In this instance, also between optical fibers (VCSEL fibers) optically connected to the VCSEL array and optical fibers (PD fibers) optically connected to the PD array, a gap corresponding to the mounting gap is required.
Once the pitch is standardized to 0.25 mm between a VCSEL array or a PD array and an optical fiber array and also the array number is standardized to 4, 8, 12 or 24 in such a manner as described above, in order, for example, for a multi-channel optical transceiver of 8 channels (4-channel input+4-channel output) to be ready for the standardization, such a countermeasure is taken as to adopt a standardized optical fiber array for 12 channels by adding 4 channels corresponding to the gap (for example, 1 mm) between the chips to 8 channels originally required for the input and the output.
In this instance, optical fibers for the four channels corresponding to the gap between the chips are useless because they are not used for the input or the output. Further, since an optical fiber array for 12 channels is inferior in all aspects such as the performance and the price to an optical fiber array for 8 channels, preferably an optical fiber array for 8 channels is used.

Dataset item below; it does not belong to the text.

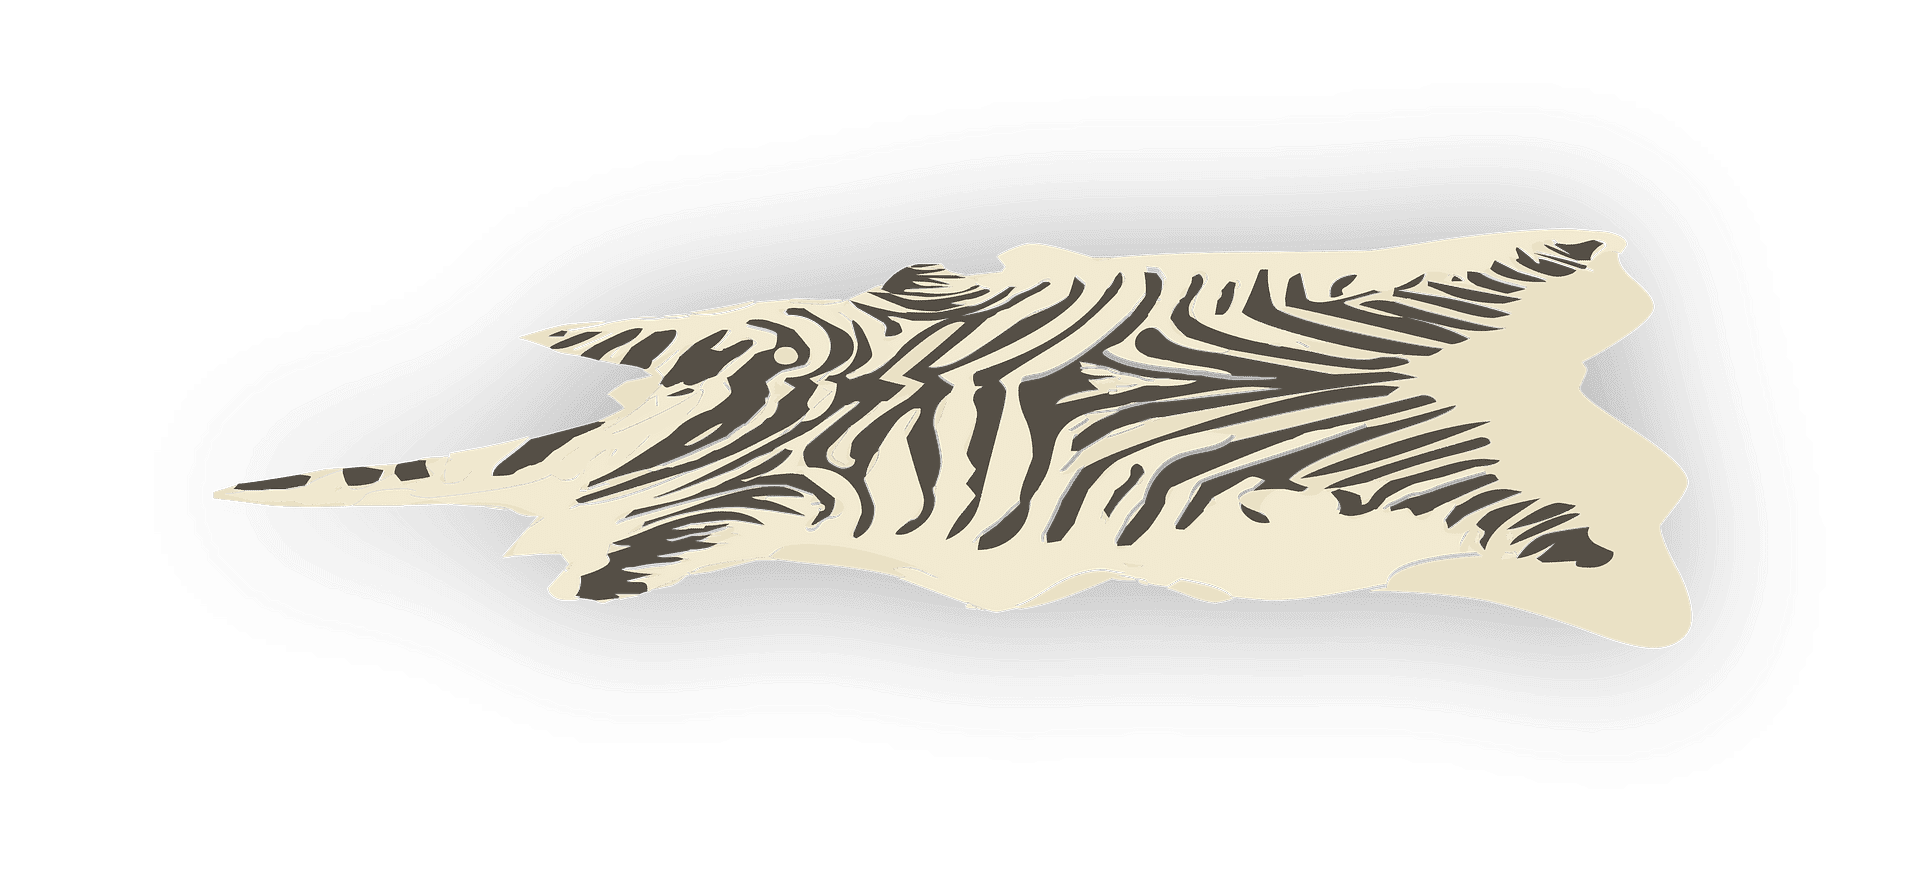 Zebra Rug clipart transparent

Therefore, it is desired to implement a simple and convenient structure which can optically connect planar optical devices (planar optical device array) such as planar light emitting devices or planar photo-detectors and optical fibers (optical fiber array) to each other without providing a gap, which corresponds to a gap (mounting gap) between the chips, between optical fibers optically connected to the planar light emitting devices (VCSEL array) and optical fibers optically connected to the planar photo-detectors (PD array).
It is to be noted that this problem is solved in principle if it is possible to produce a part which connects to an optical fiber array for 8 channels with the waveguide distance reduced midway from the planar optical devices to the optical fibers.

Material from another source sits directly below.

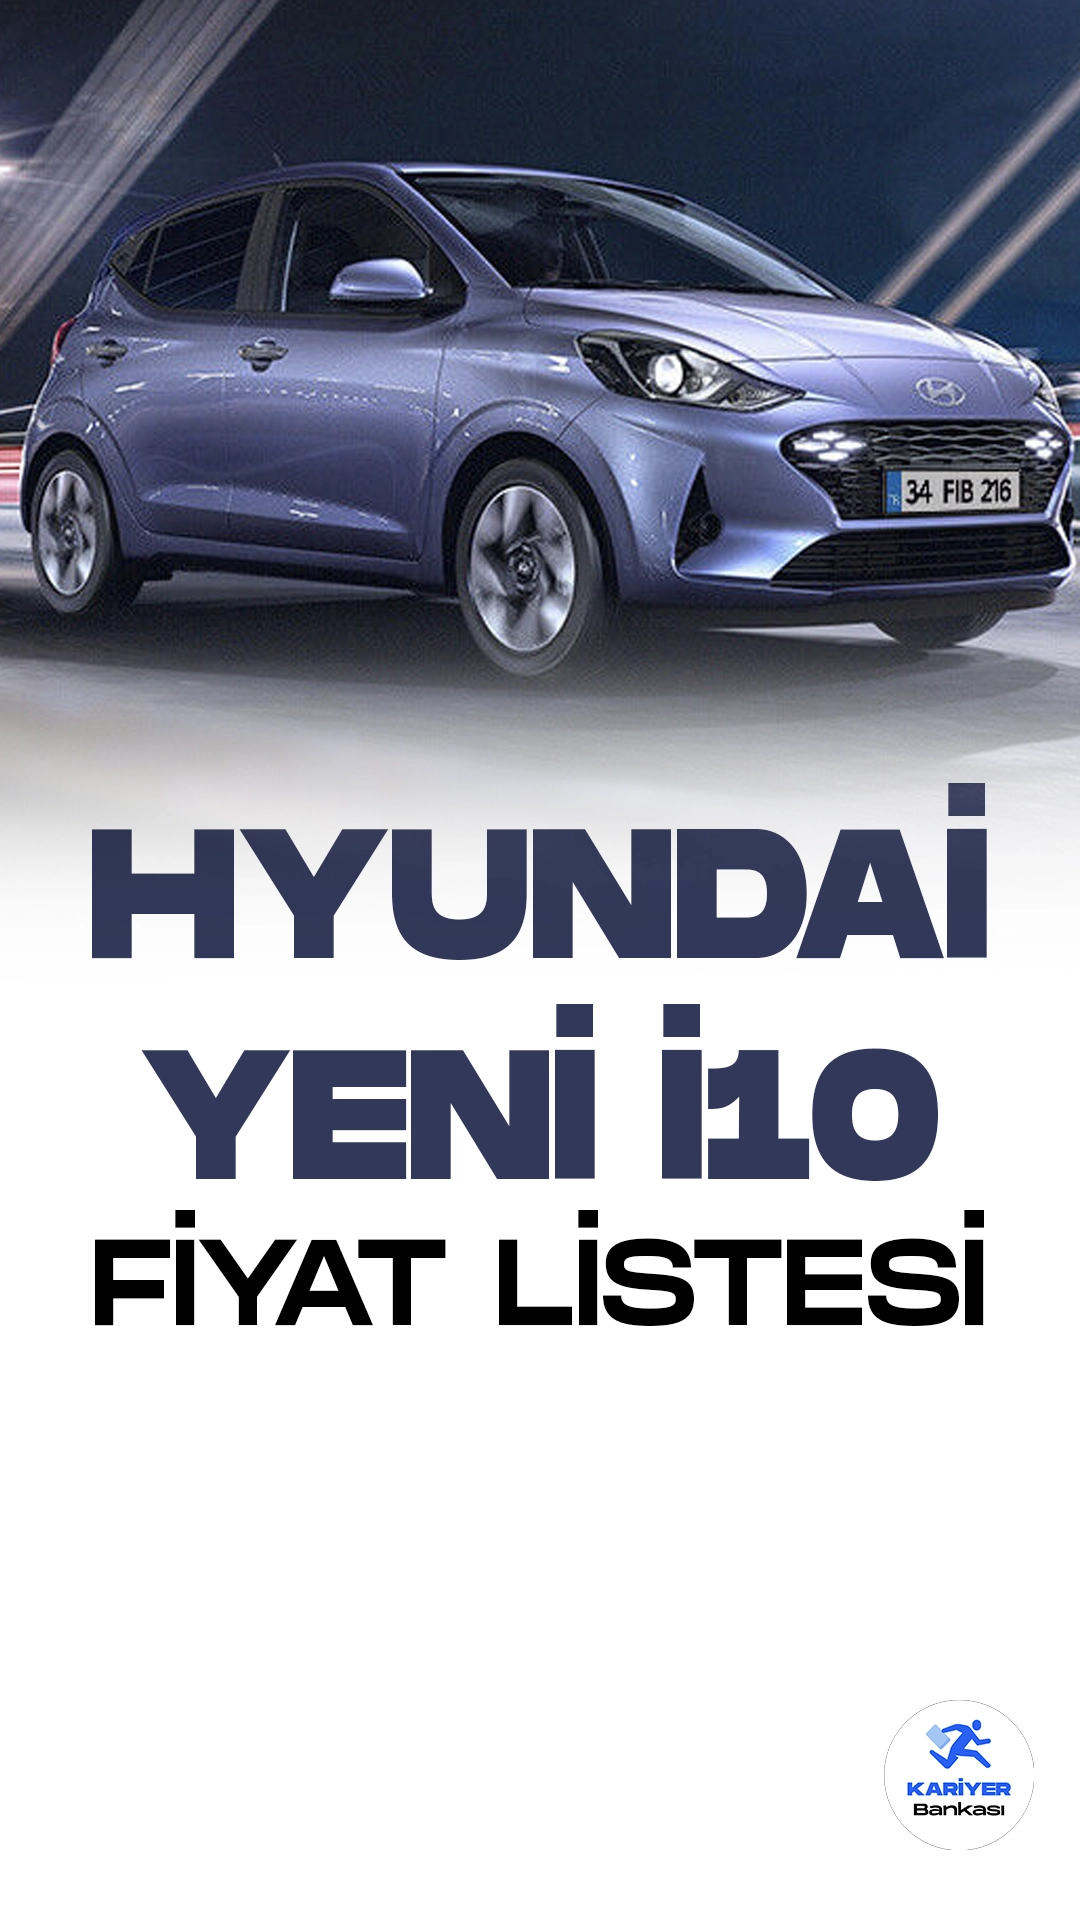 Hyundai i10 Temmuz Fiyat Listesi Yayımlandı. Hyundai, popüler kompakt otomobili i10'un yeni modelini tanıttı. Yenilenen i10, şık ve modern tasarımıyla dikkat çekiyor. Ön bölümdeki yeni ızgara ve farlar, araca dinamik bir görünüm kazandırıyor. İç mekanda ise kaliteli malzemeler ve ergonomik düzenlemeler kullanılmış. Yenilenen multimedya sistemi ve dokunmatik ekran, sürücüye gelişmiş bir kullanıcı deneyimi sunuyor. Hyundai, i10'u güvenlik konusunda da ön plana çıkarıyor. Yeni model, çarpışma önleme sistemi, şerit takip asistanı ve geri görüş kamerası gibi bir dizi güvenlik özelliğiyle donatılmış. Yenilenen Hyundai i10, kompakt otomobil segmentinde iddialı bir seçenek olarak öne çıkıyor.

However, where an optical waveguide structure of a three-dimensional configuration wherein optical waveguides are formed on a curved plane for curving the advancing direction of light is used as disclosed, for example, in Japanese Patent Laid-Open 2005-115346, it is necessary to form optical waveguides of a high degree of accuracy for optically connecting optical devices and optical fibers to each other on a curved plane. However, at present, a countermeasure which can implement such a complicated highly accurate three-dimensional structure as described above simply and conveniently is not available and has not been placed into practical use. Further, it is difficult from restrictions in a fabrication method to implement a structure which can simultaneously achieve also pitch conversion.
Meanwhile, another countermeasure wherein a mirror (90° deflecting mirror) is used to achieve high-density optical connection between chips and pitch conversion as disclosed, for example, in Japanese Patent Laid-Open No. 2003-322740, is disadvantageous in that the loss at the mirror (that is, the absorption loss on the surface of the mirror) is significant and the optical connection and the pitch conversion are liable to be influenced by the accuracy in alignment and the accuracy in working. Further, crosstalk at an intersecting location between waveguides cannot be avoided, and the optical performance is not high.
Incidentally, although the aforementioned thesis “MAUI: Enabling Fiber-to-the-Processor with Parallel Multiwavelength Optical Interconnects” discloses a high-grade module which introduces a wavelength division multiplexing technique and uses spatial propagation of light and a reflecting optical system, the module has the following problems.
First, since a spatial propagation system is used, the beam diameter cannot be made very small (for example, a diameter of 250 μm), there is a limitation to miniaturization of the module. Further, since a spatial multiple reflecting optical system is adopted, alignment is difficult. Furthermore, it is difficult to assure a high impact resistance of the product. As a result, also reduction in cost is difficult.